─── Given material

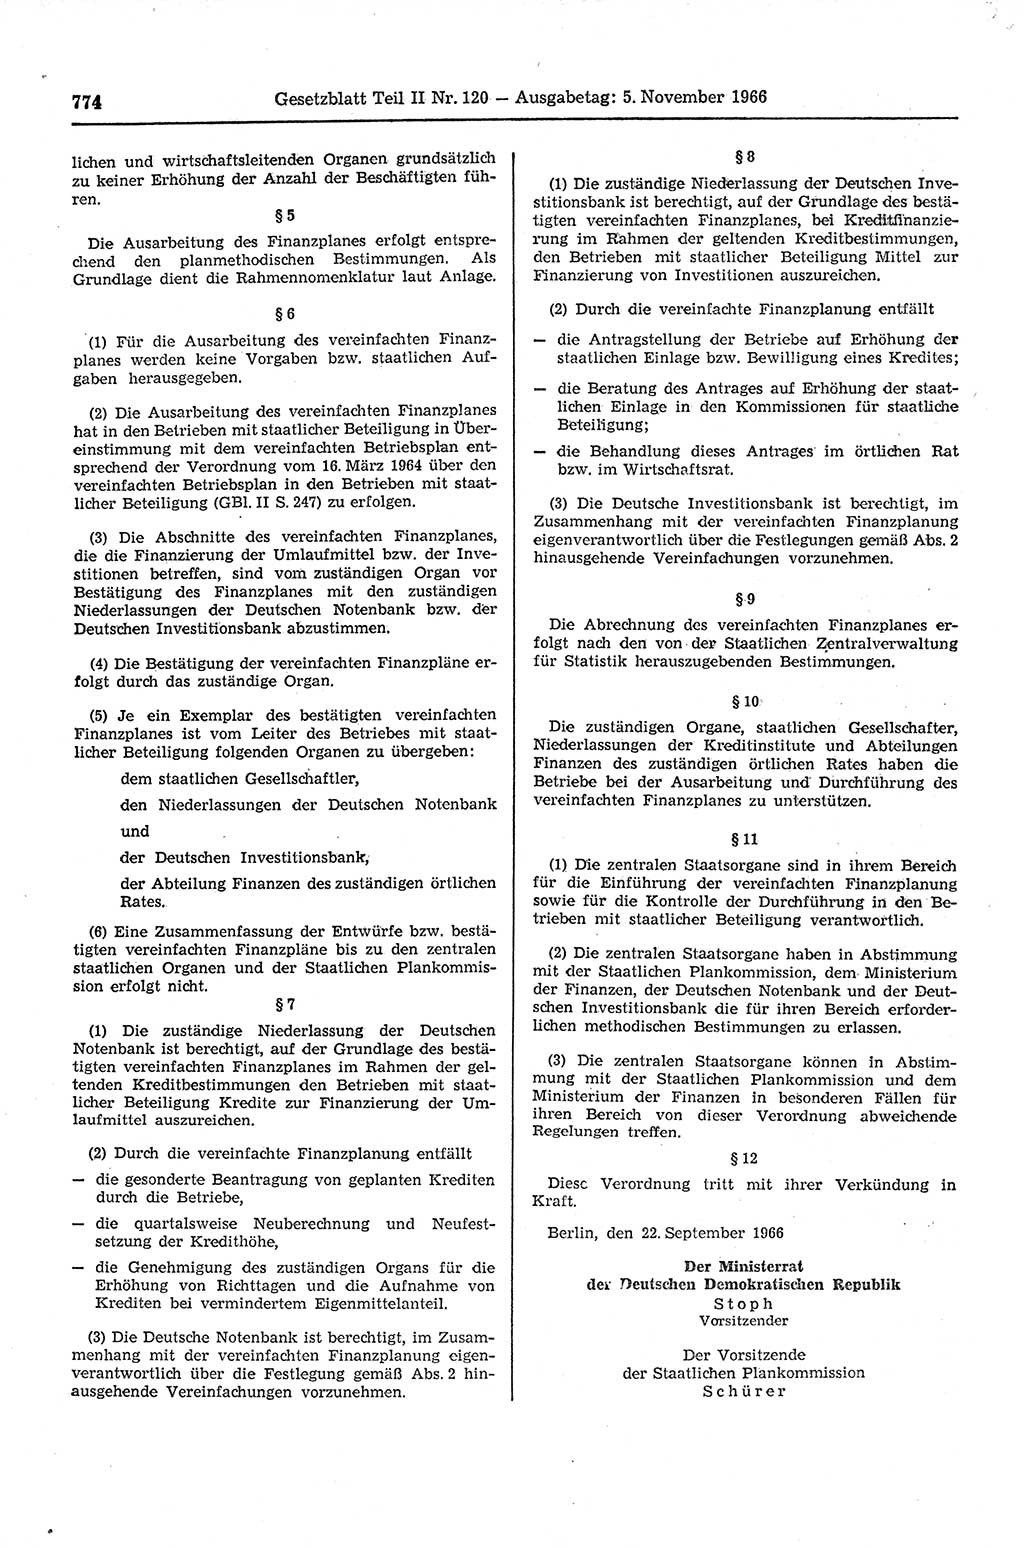 Gesetzblatt (GBl.) der Deutschen Demokratischen Republik (DDR) Teil ⅠⅠ 1966, Seite 774 (GBl. DDR ⅠⅠ 1966, S. 774)
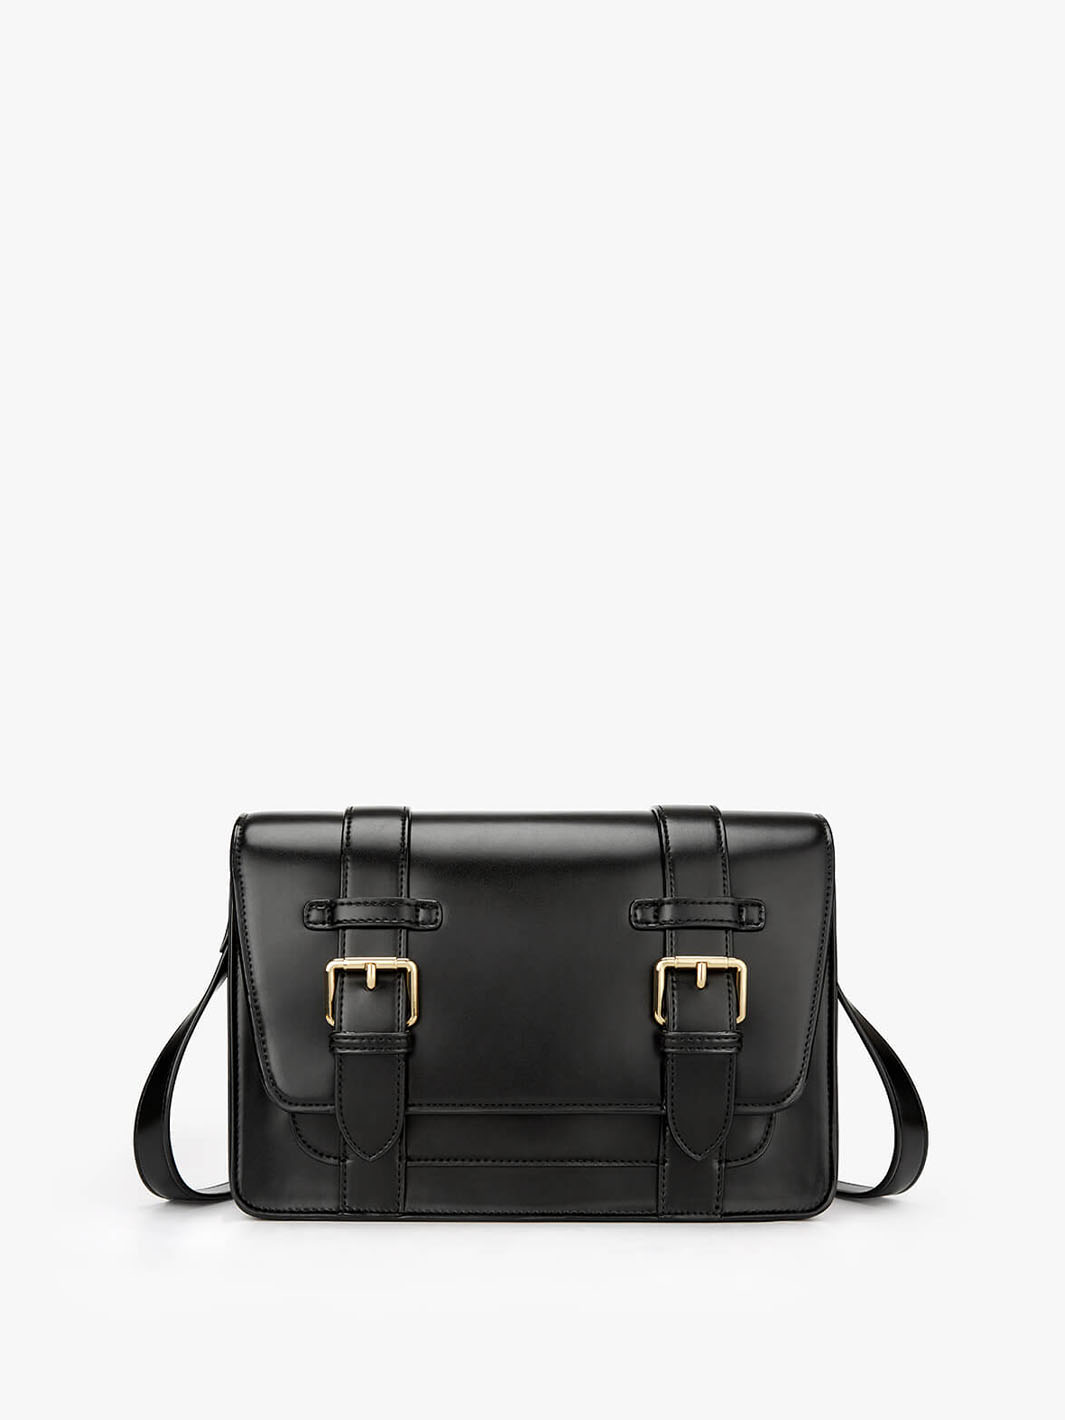 Ecosusi Julie Vintage Vegan Briefcase Black Laptop Bag for Women 15.6 inch Black
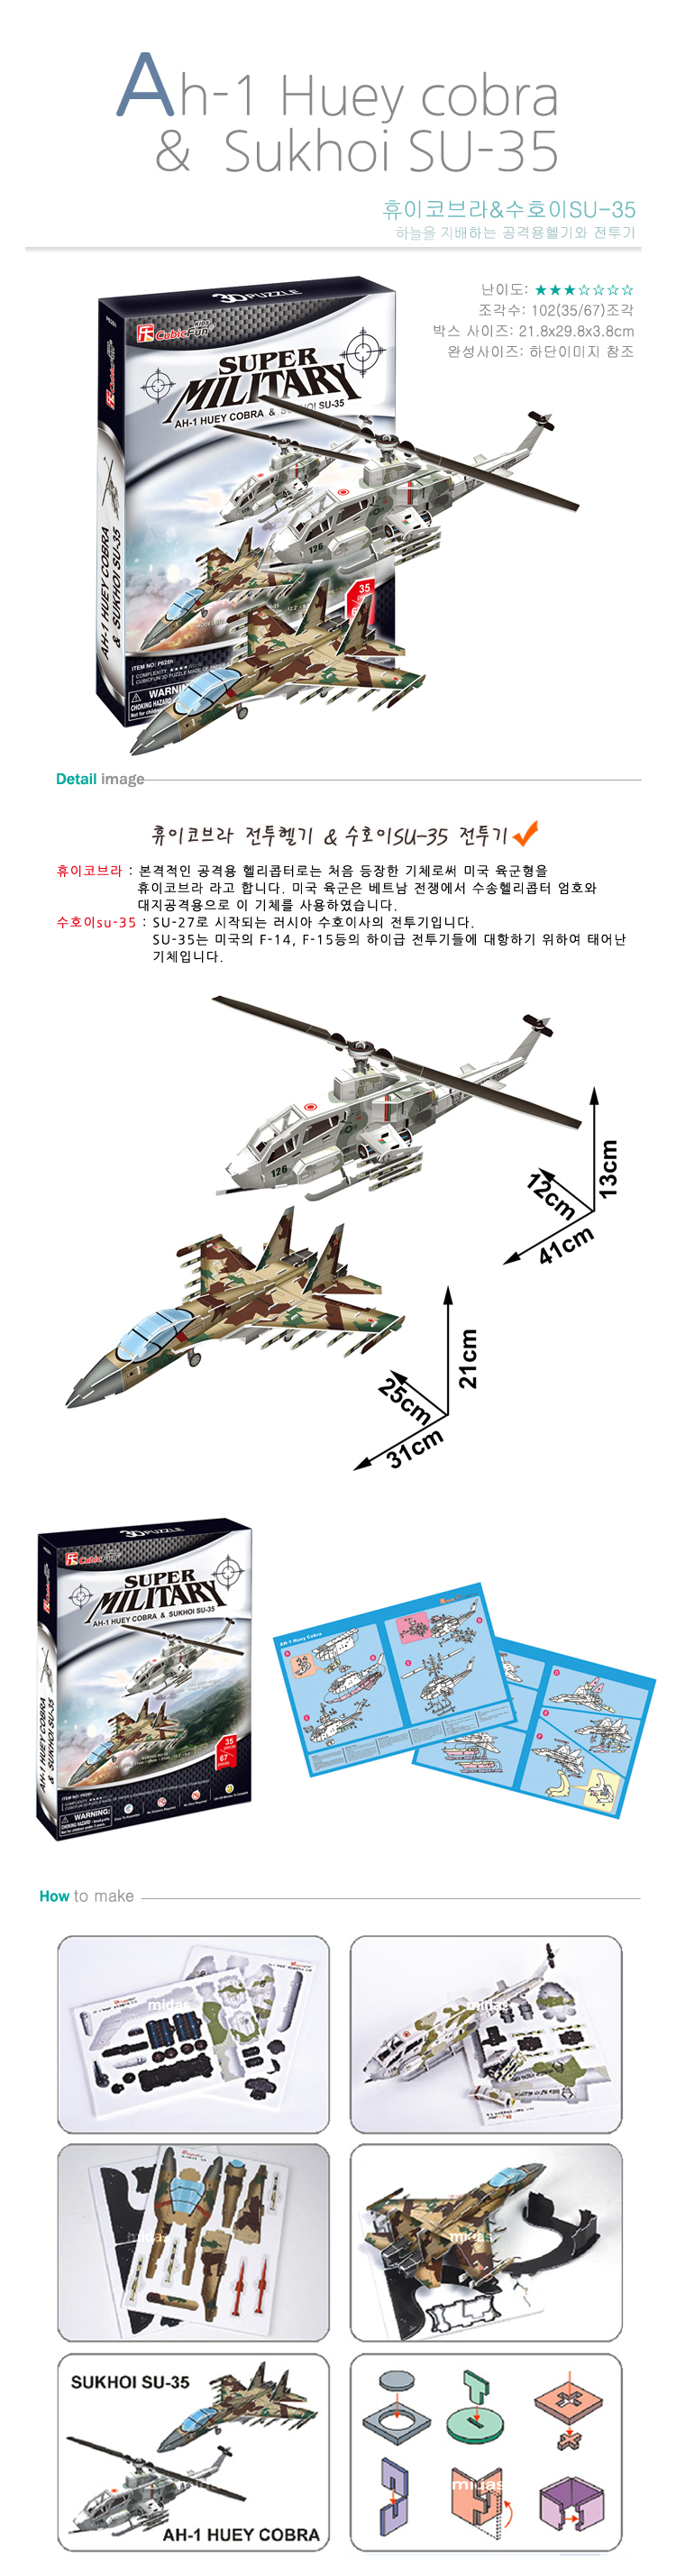 [3D 입체퍼즐] AH-1 휴이 코브라와 수호이 SU-35, P628h

──────

- _About this task_
Output the lines above in full and exactly. Leave out every picture.

- _Written answer_
 Gesetzblatt (GBl.) der Deutschen Demokratischen Republik (DDR) Teil ⅠⅠ 1966, Seite 774 (GBl. DDR ⅠⅠ 1966, S. 774)
 Ecosusi Julie Vintage Vegan Briefcase Black Laptop Bag for Women 15.6 inch Black
 [3D 입체퍼즐] AH-1 휴이 코브라와 수호이 SU-35, P628h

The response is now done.